The name of the town's primary school, école Jacques Prevert, caught our attention (probably because we're just old enough to remember the Slim Pickens character in Stanley Kubrick's movie, Dr. Strangelove).
School was letting out as we walked by, and touts from the
Cirque Thierry Zavatta
were announcing the visit of the circus over a loudspeaker from a van across the
street.
It's often said that Caudebec-en-Caux was destroyed (except for its church) in World War II, but such reports are inaccurate. The town still has a number of fortifications along the "Circuit Médiéval," one of half a dozen tourist routes in the town and its vicinity.

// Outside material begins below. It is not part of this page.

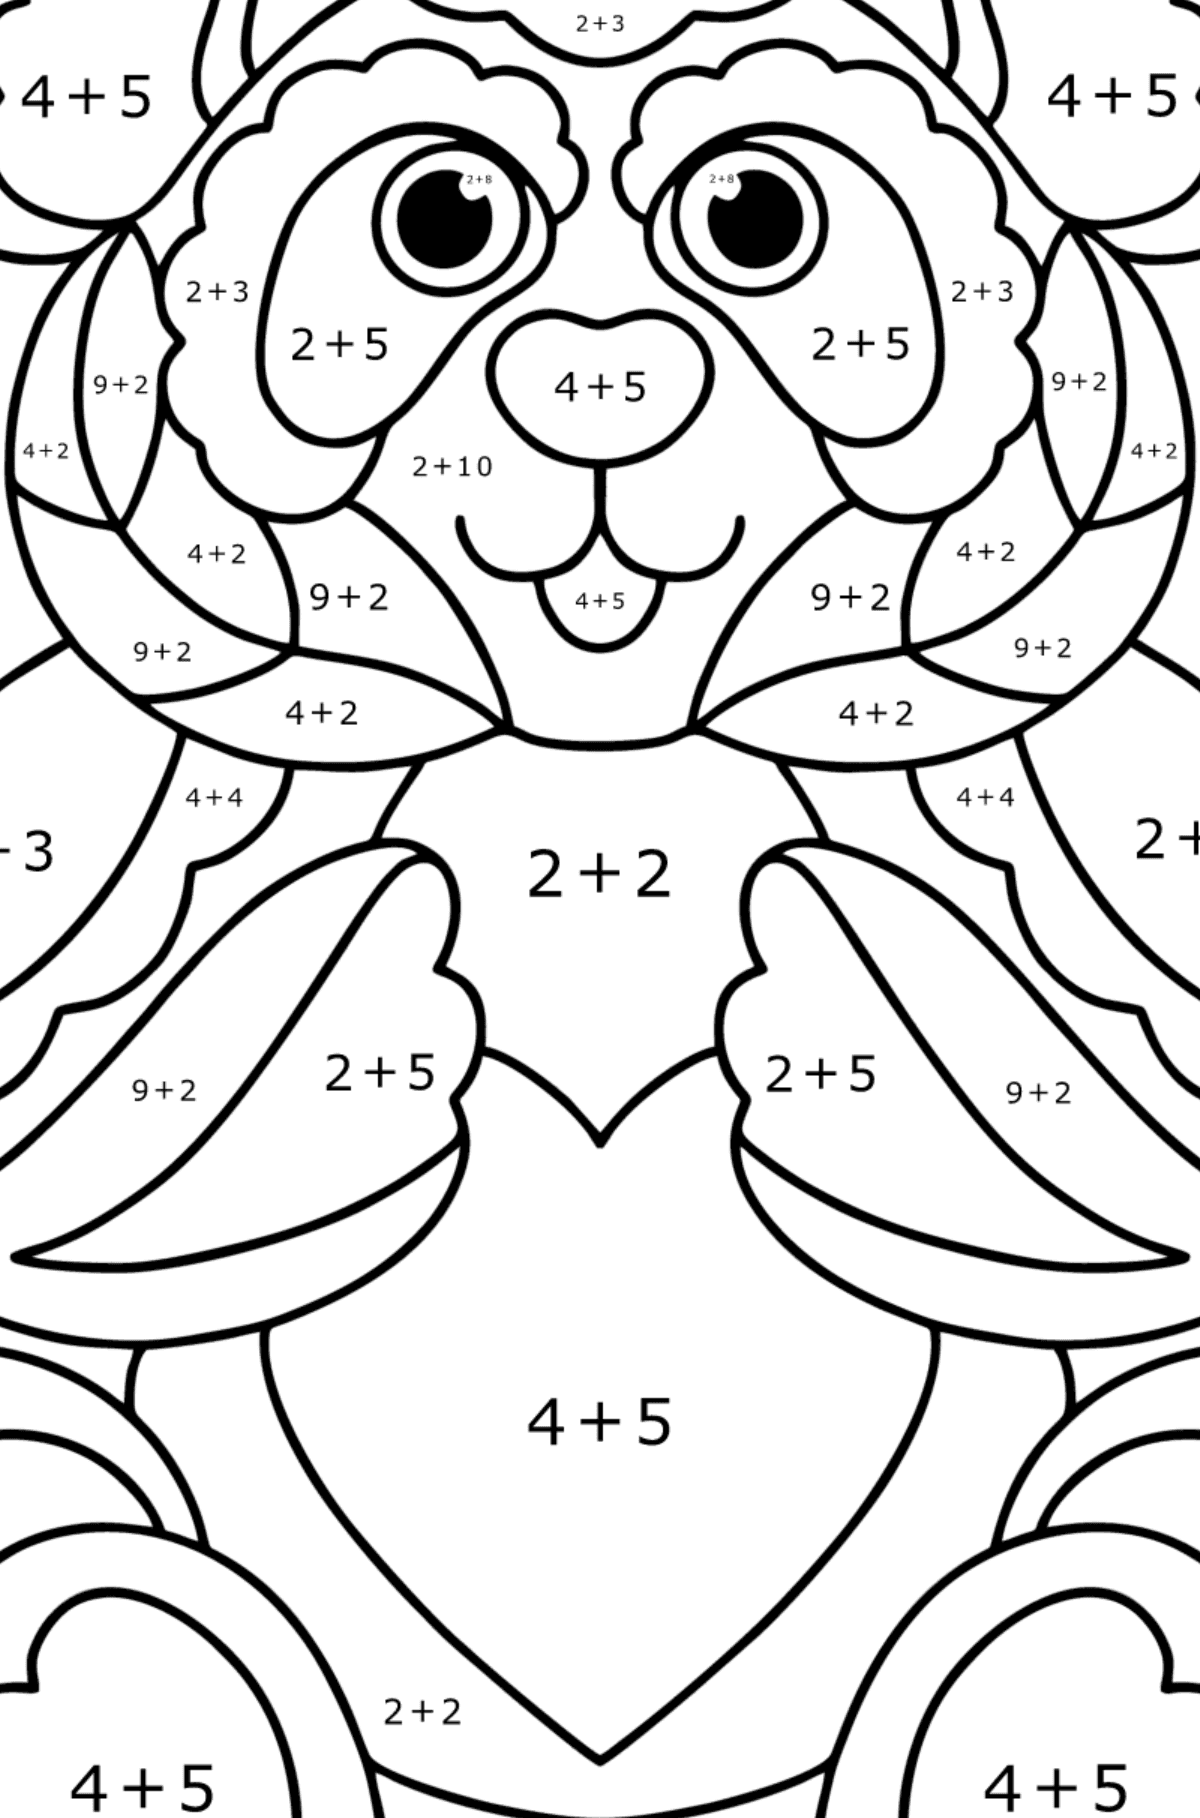 Panda antistress coloring page - Math Coloring - Addition for Kids

Each building or remnant of the old city walls has a detailed sign about its history in French and English. (These buildings, which include the Harfleur Towers and the Old Prison, are near the schools and the town center.)
Caudebec-en-Caux is a great town for pedestrians and bicyclists: Car traffic is minimal, except on the town's outskirts, and busy areas have dedicated paths for biking or walking.

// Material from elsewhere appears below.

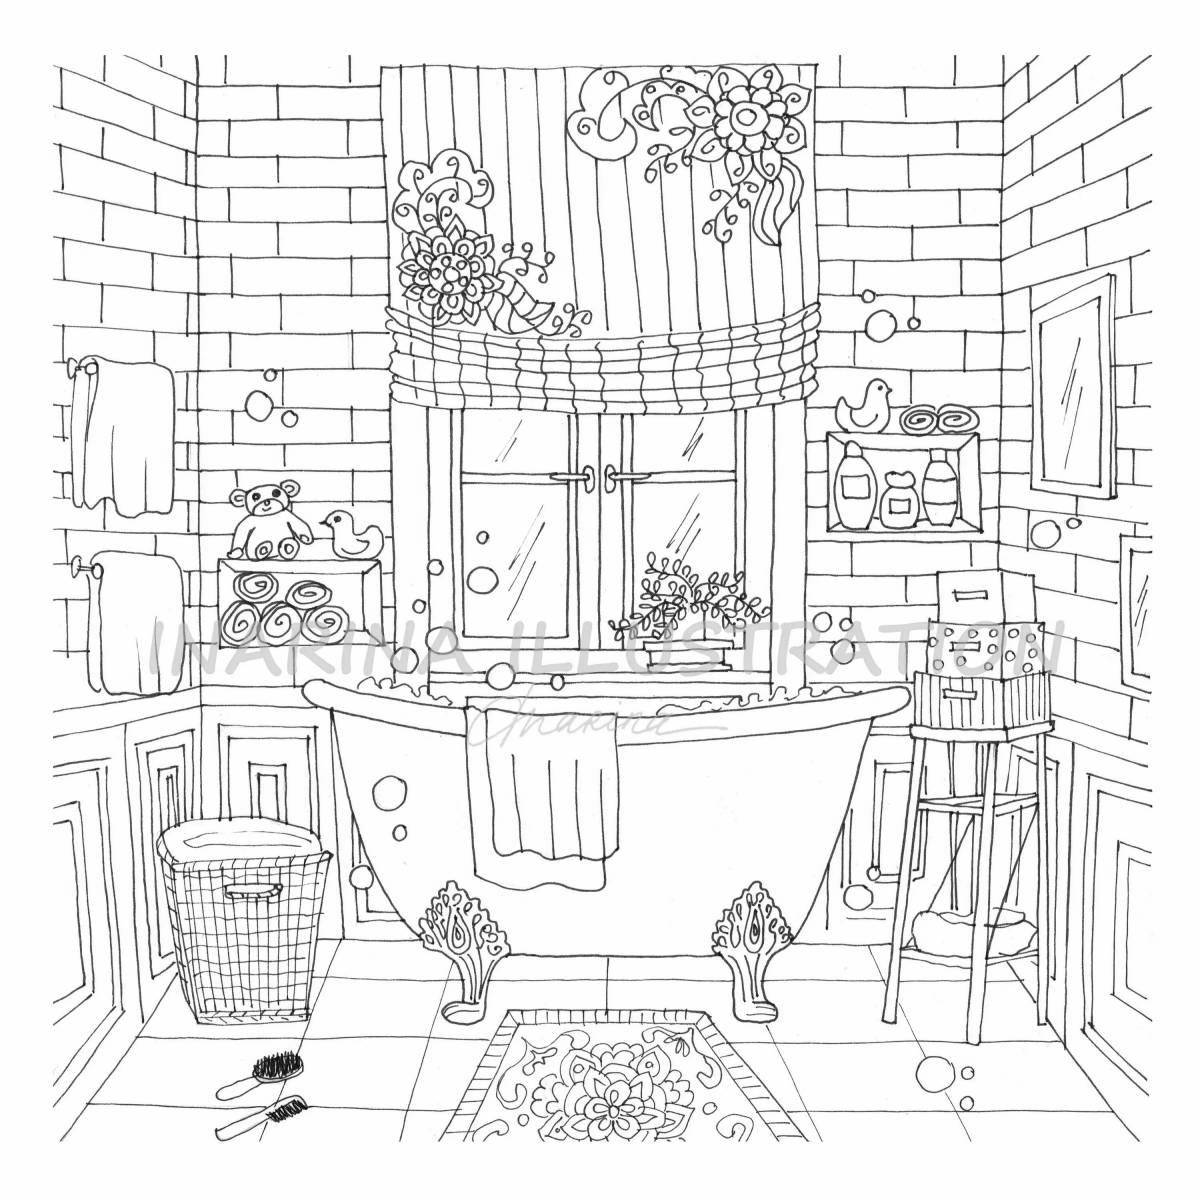 Colorful explosive housing coloring page for toddlers

One of the most endearing features of Caudebec-en-Caux, at least for us, was the preponderance of flowers. Everywhere we looked, we could see flowers on buildings, along the street, next to streams, or on lamp posts. We'd never visited a town where the municipal gardeners clearly worked as hard as the jardiniers in Caudebec-en-Caux.
The town also deserves credit for its free--and clean--public toilets: We counted four lavatories in the city center, including this public convenience that offered outdoor urinals (for Frenchmen who enjoy whizzing in the open air after imbibing too much of the local cidre) and a dispenser of merde de chien bags.
It was getting late in the afternoon, and we were due back on River Baroness at 5:30 p.m., so we reluctantly tore ourselves away from the pleasant town of Caudebec-en-Caux and headed back to the ship.
The ship departed Caudebec-en-Caux at 6 p.m., passing
under the Pont de Brotonne
suspension bridge on its way upriver to Vernon. (During the evening, we would
cruise through Rouen and go through the series of locks that we'd traversed in
the previous days.)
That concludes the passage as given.